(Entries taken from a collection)
· · ·

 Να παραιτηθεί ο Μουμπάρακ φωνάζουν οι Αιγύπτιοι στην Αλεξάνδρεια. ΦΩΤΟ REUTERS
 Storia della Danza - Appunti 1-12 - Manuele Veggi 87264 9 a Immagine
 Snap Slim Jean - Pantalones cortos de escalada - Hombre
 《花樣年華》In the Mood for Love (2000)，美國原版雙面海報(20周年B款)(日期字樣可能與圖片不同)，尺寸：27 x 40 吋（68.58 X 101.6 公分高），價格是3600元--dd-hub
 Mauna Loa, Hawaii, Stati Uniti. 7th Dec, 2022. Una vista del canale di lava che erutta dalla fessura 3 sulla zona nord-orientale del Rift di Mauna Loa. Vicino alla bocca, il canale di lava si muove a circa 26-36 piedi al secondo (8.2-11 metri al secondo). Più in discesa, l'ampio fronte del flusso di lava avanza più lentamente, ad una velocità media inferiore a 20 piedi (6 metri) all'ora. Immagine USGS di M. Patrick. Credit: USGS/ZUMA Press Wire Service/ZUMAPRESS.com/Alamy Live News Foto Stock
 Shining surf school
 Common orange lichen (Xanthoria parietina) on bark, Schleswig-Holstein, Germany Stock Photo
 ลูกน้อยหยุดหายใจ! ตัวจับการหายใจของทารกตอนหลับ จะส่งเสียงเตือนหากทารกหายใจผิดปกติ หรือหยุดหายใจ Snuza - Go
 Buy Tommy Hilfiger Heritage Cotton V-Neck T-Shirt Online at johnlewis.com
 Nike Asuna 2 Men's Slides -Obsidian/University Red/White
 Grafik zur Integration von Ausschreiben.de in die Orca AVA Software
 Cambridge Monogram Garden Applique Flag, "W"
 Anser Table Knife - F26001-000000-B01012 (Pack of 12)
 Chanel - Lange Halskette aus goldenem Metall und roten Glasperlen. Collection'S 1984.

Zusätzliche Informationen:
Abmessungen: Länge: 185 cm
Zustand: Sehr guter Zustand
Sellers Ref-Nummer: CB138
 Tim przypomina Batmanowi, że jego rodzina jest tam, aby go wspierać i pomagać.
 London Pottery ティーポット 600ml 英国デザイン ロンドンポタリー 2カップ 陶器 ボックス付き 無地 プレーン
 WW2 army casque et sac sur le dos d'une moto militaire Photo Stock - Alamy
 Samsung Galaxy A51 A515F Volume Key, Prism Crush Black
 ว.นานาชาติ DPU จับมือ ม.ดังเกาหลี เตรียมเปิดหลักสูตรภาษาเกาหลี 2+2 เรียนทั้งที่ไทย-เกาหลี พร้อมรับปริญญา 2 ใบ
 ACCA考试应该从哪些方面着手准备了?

· · ·

▸ THE PROBLEM
Without altering a single word, transcribe the entries above.

▸ COMPLETED EXERCISE
 Να παραιτηθεί ο Μουμπάρακ φωνάζουν οι Αιγύπτιοι στην Αλεξάνδρεια. ΦΩΤΟ REUTERS
 Storia della Danza - Appunti 1-12 - Manuele Veggi 87264 9 a Immagine
 Snap Slim Jean - Pantalones cortos de escalada - Hombre
 《花樣年華》In the Mood for Love (2000)，美國原版雙面海報(20周年B款)(日期字樣可能與圖片不同)，尺寸：27 x 40 吋（68.58 X 101.6 公分高），價格是3600元--dd-hub
 Mauna Loa, Hawaii, Stati Uniti. 7th Dec, 2022. Una vista del canale di lava che erutta dalla fessura 3 sulla zona nord-orientale del Rift di Mauna Loa. Vicino alla bocca, il canale di lava si muove a circa 26-36 piedi al secondo (8.2-11 metri al secondo). Più in discesa, l'ampio fronte del flusso di lava avanza più lentamente, ad una velocità media inferiore a 20 piedi (6 metri) all'ora. Immagine USGS di M. Patrick. Credit: USGS/ZUMA Press Wire Service/ZUMAPRESS.com/Alamy Live News Foto Stock
 Shining surf school
 Common orange lichen (Xanthoria parietina) on bark, Schleswig-Holstein, Germany Stock Photo
 ลูกน้อยหยุดหายใจ! ตัวจับการหายใจของทารกตอนหลับ จะส่งเสียงเตือนหากทารกหายใจผิดปกติ หรือหยุดหายใจ Snuza - Go
 Buy Tommy Hilfiger Heritage Cotton V-Neck T-Shirt Online at johnlewis.com
 Nike Asuna 2 Men's Slides -Obsidian/University Red/White
 Grafik zur Integration von Ausschreiben.de in die Orca AVA Software
 Cambridge Monogram Garden Applique Flag, "W"
 Anser Table Knife - F26001-000000-B01012 (Pack of 12)
 Chanel - Lange Halskette aus goldenem Metall und roten Glasperlen. Collection'S 1984.

Zusätzliche Informationen:
Abmessungen: Länge: 185 cm
Zustand: Sehr guter Zustand
Sellers Ref-Nummer: CB138
 Tim przypomina Batmanowi, że jego rodzina jest tam, aby go wspierać i pomagać.
 London Pottery ティーポット 600ml 英国デザイン ロンドンポタリー 2カップ 陶器 ボックス付き 無地 プレーン
 WW2 army casque et sac sur le dos d'une moto militaire Photo Stock - Alamy
 Samsung Galaxy A51 A515F Volume Key, Prism Crush Black
 ว.นานาชาติ DPU จับมือ ม.ดังเกาหลี เตรียมเปิดหลักสูตรภาษาเกาหลี 2+2 เรียนทั้งที่ไทย-เกาหลี พร้อมรับปริญญา 2 ใบ
 ACCA考试应该从哪些方面着手准备了?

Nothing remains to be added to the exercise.